Those at the serious core of the critical community have lurched from theory to theory. In the end, though, they are left with these questions: Was Oswald diverted from his Marxist course and used for what some intelligence department construed as patriotic duty? Was he identified as a left-winger and then unwittingly exploited by American intelligence? Was he recruited by Soviet or Cuban intelligence? Or was he, as official reports have insisted, just the confused disciple of the Left he appeared to be, controlled by nobody and no country, a scrap of flotsam on the political tide?

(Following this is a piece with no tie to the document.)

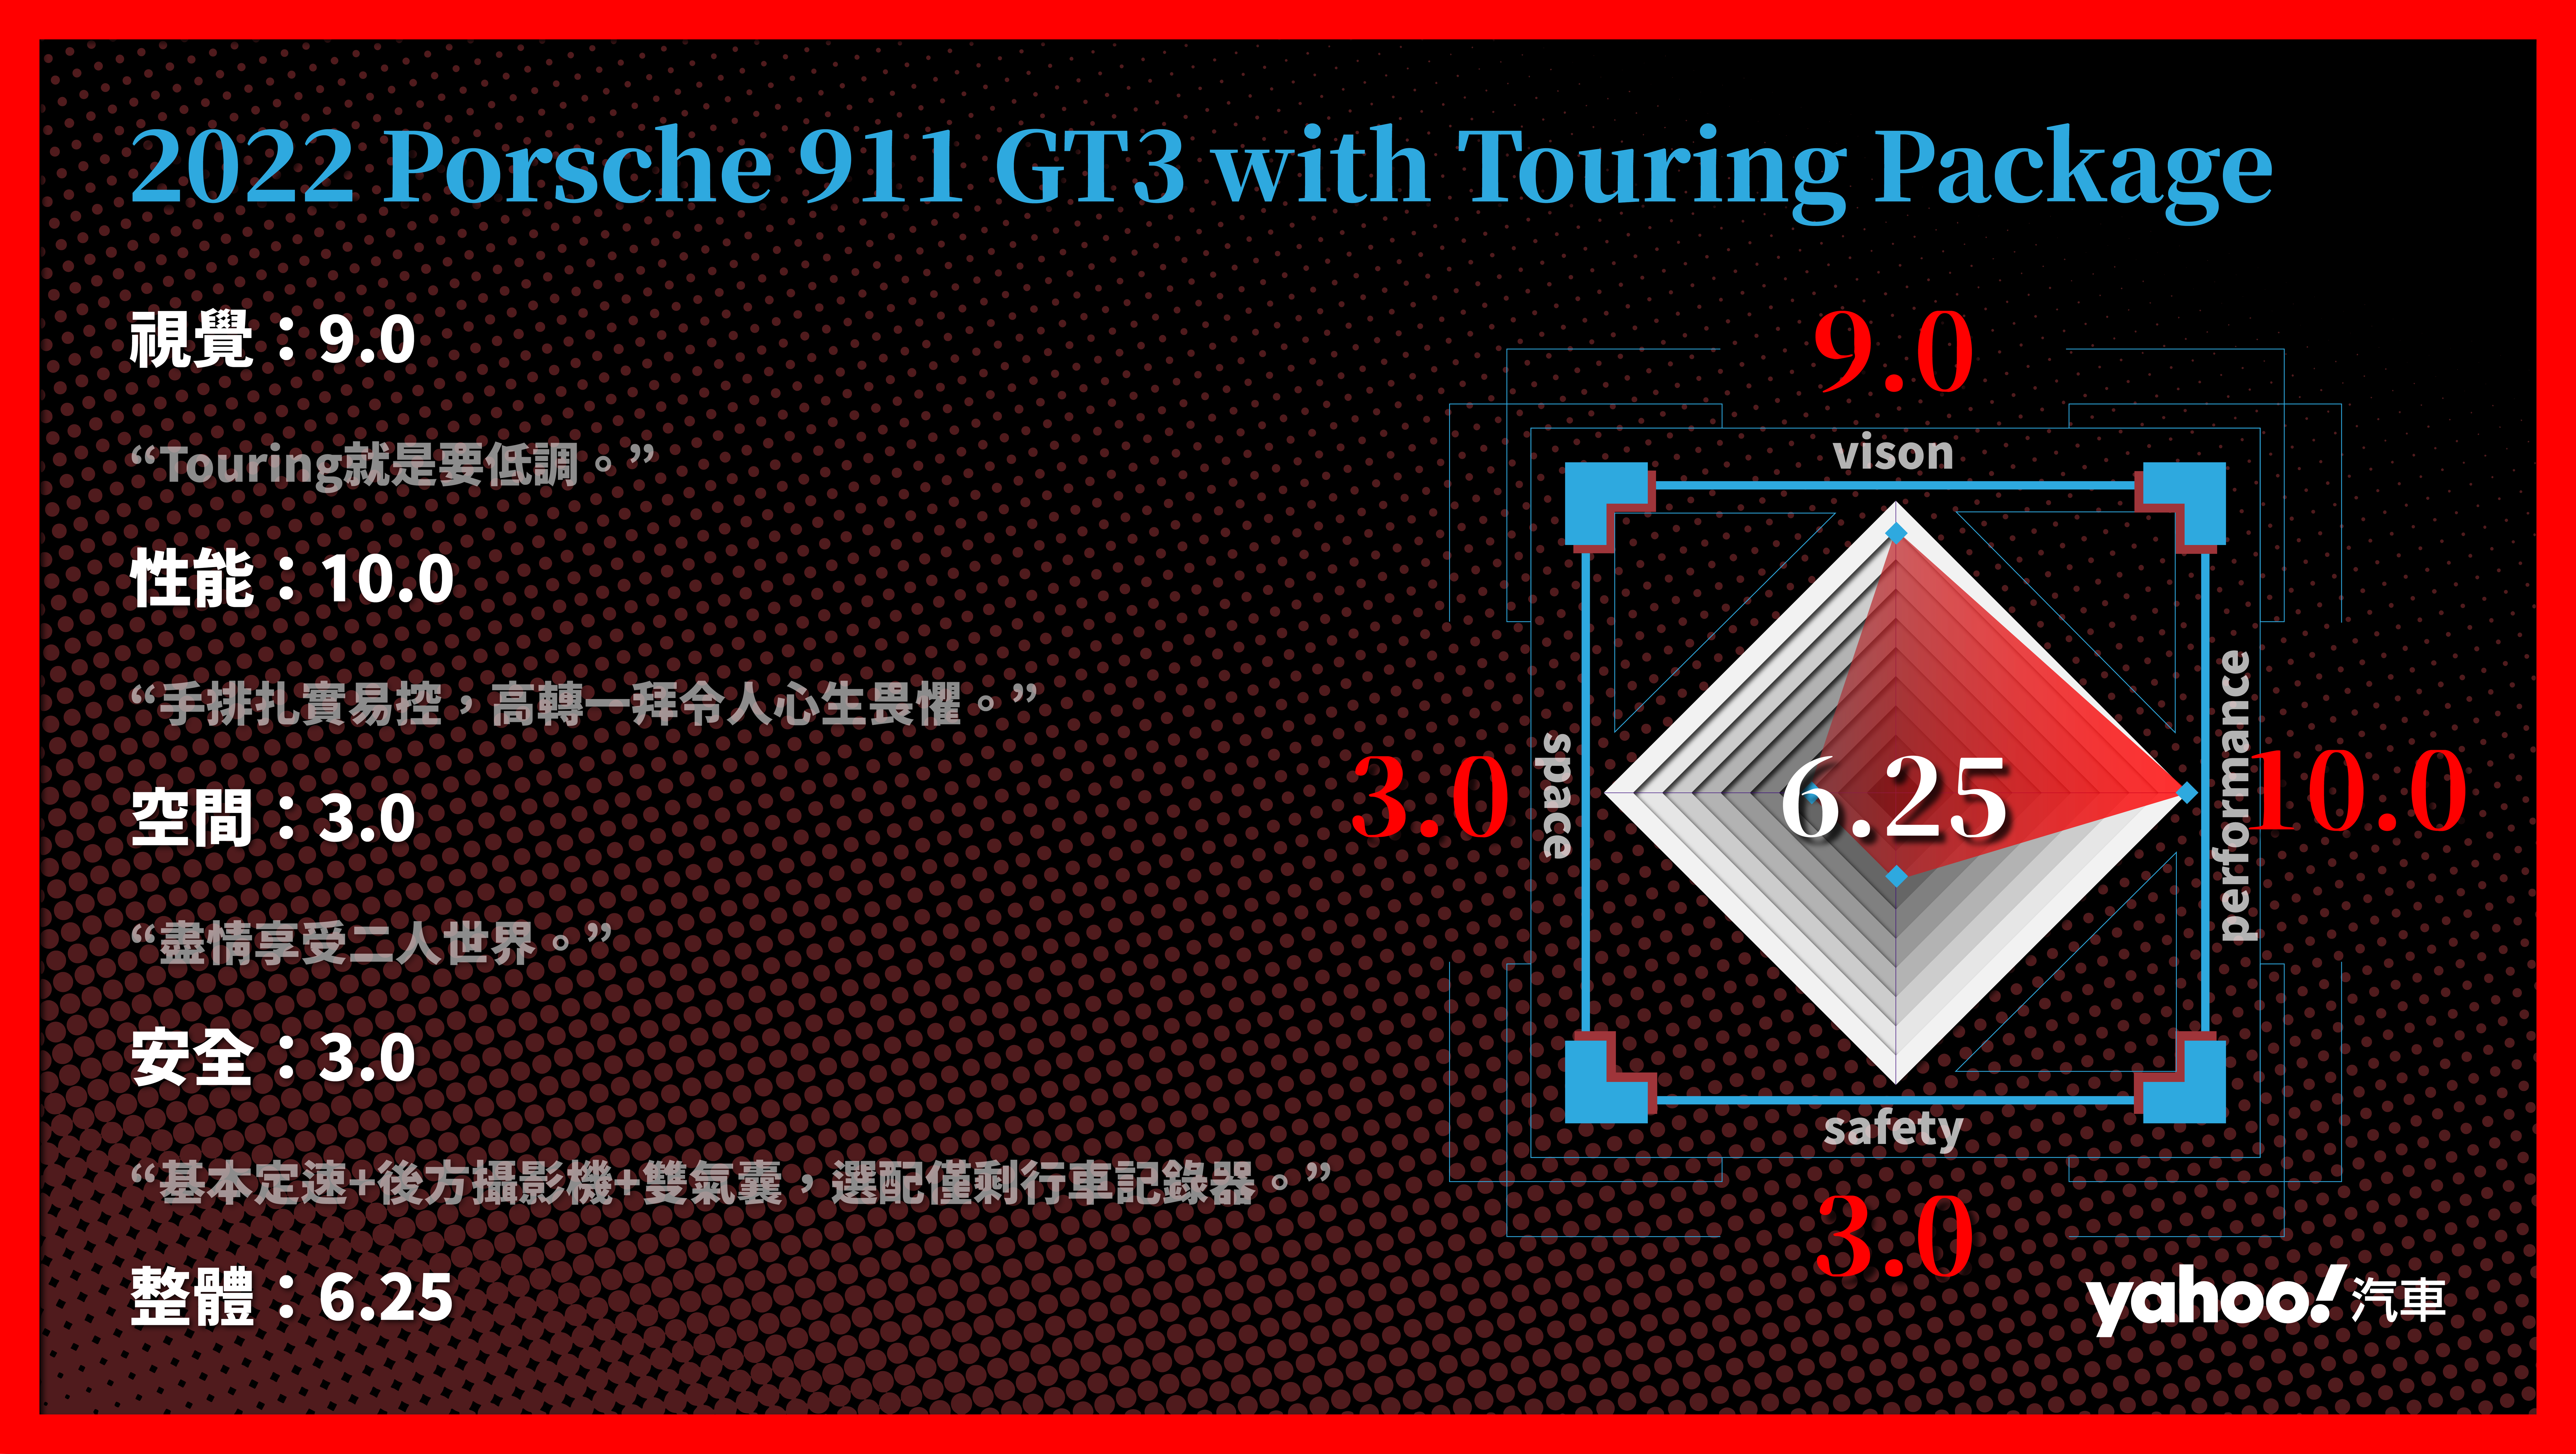 第5 & 6 & 7名：Porsche 911 GT3 with Touring Package 分項評比
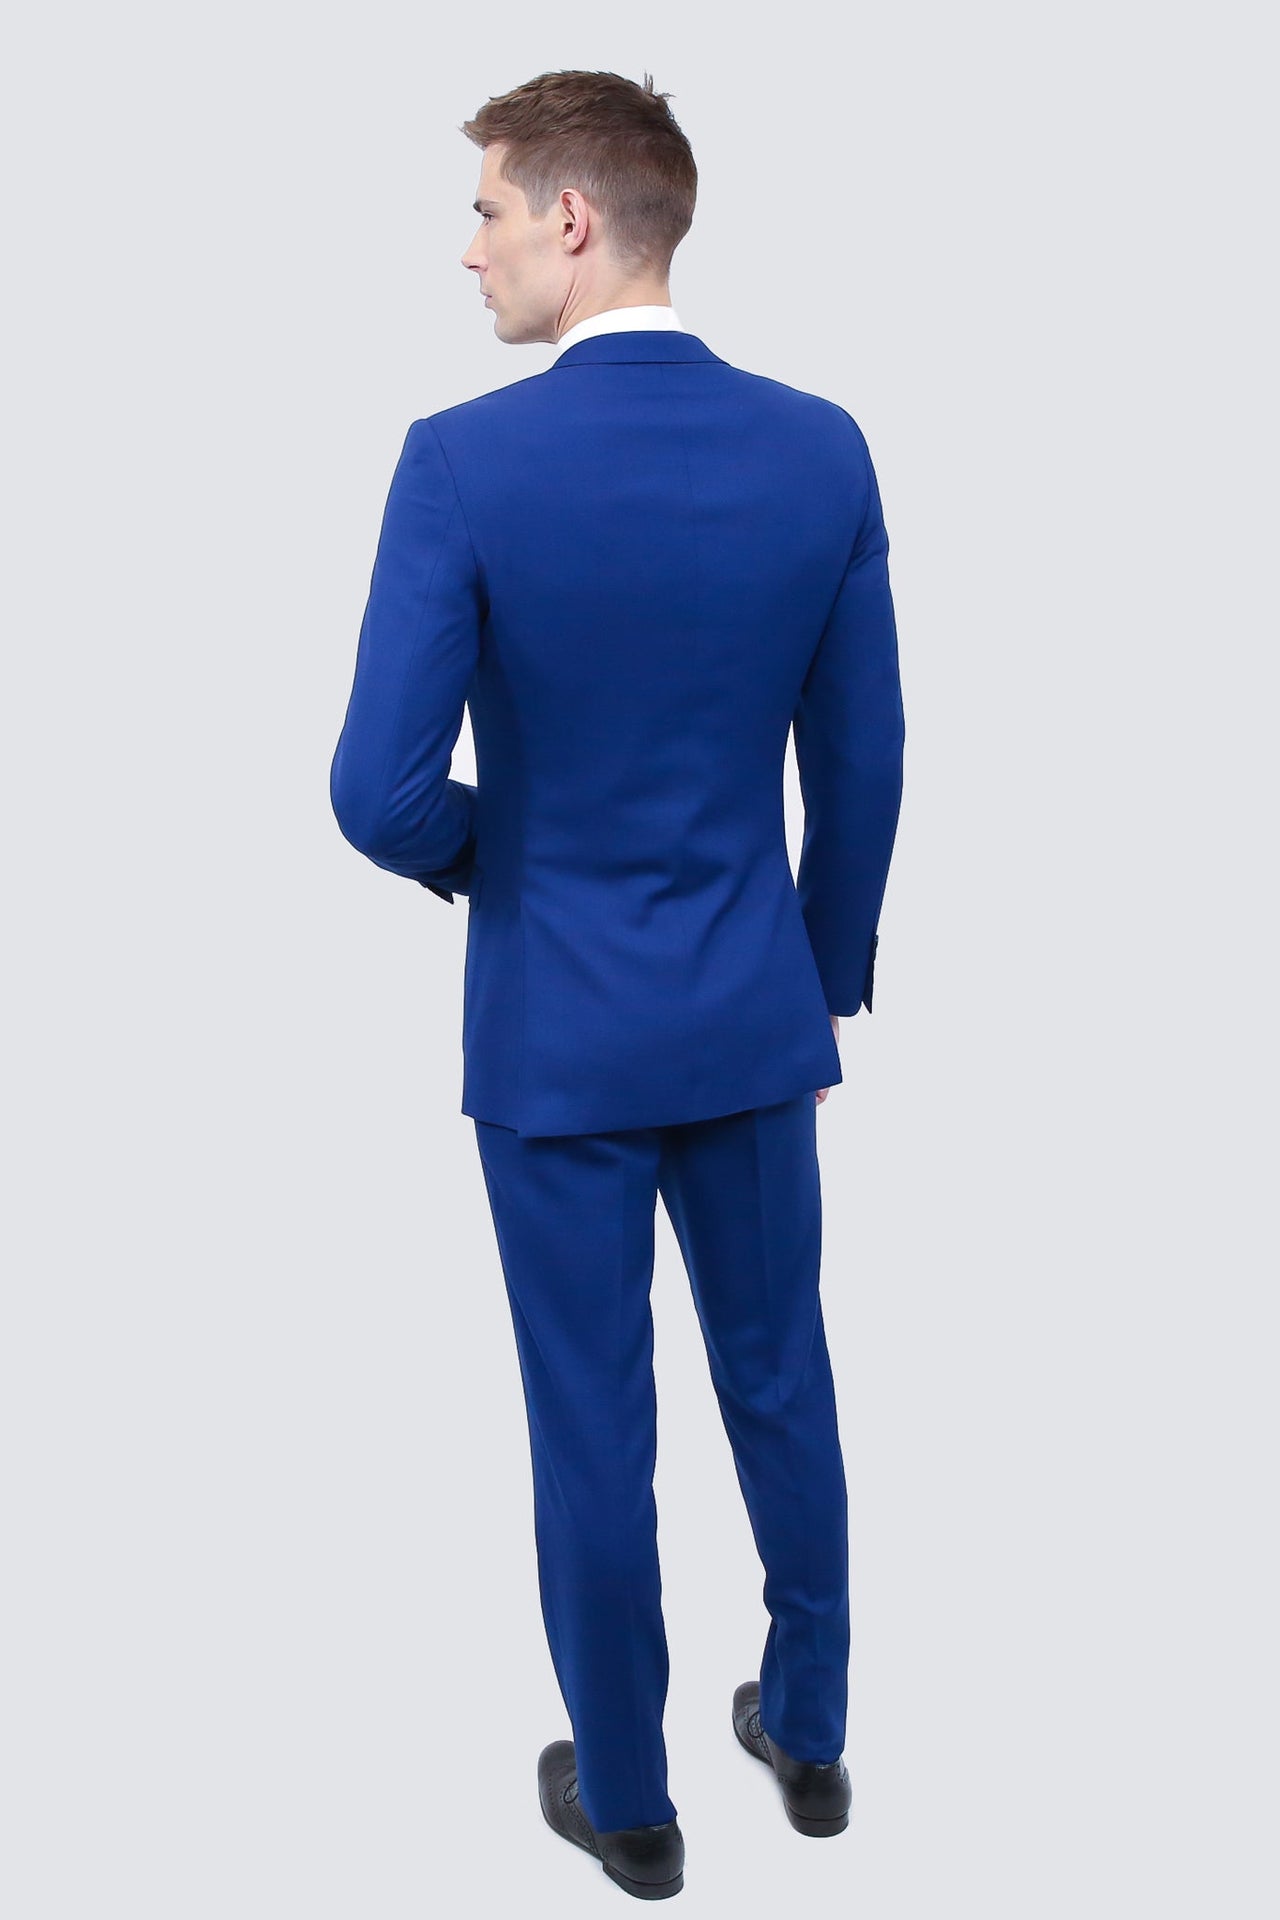 Shop Blue Suits Online

If Oswald was some sort of pawn on the intelligence chessboard, a logical place to start looking for oddities is in the record of his military service.
The Warren Report skated quickly over the details of Oswald’s progress in learning Russian, saying only that—in a test he took after being transferred from Japan to California—he rated “poor.” In fact, Oswald scored +4 in Russian reading, meaning that he got four more answers right than wrong. He scored +3 in written Russian, and −5—indeed a low result—in understanding spoken Russian. Though qualified as “poor,” the results show that Oswald had grasped the basic principles. They indicate that he had been working on his Russian before leaving Japan.
Marine Dan Powers, one of his comrades, saw Oswald outside the base in the company of a Eurasian woman. He gathered that she was half-Russian and was teaching Oswald the Russian language. We know nothing of the woman’s political allegiances.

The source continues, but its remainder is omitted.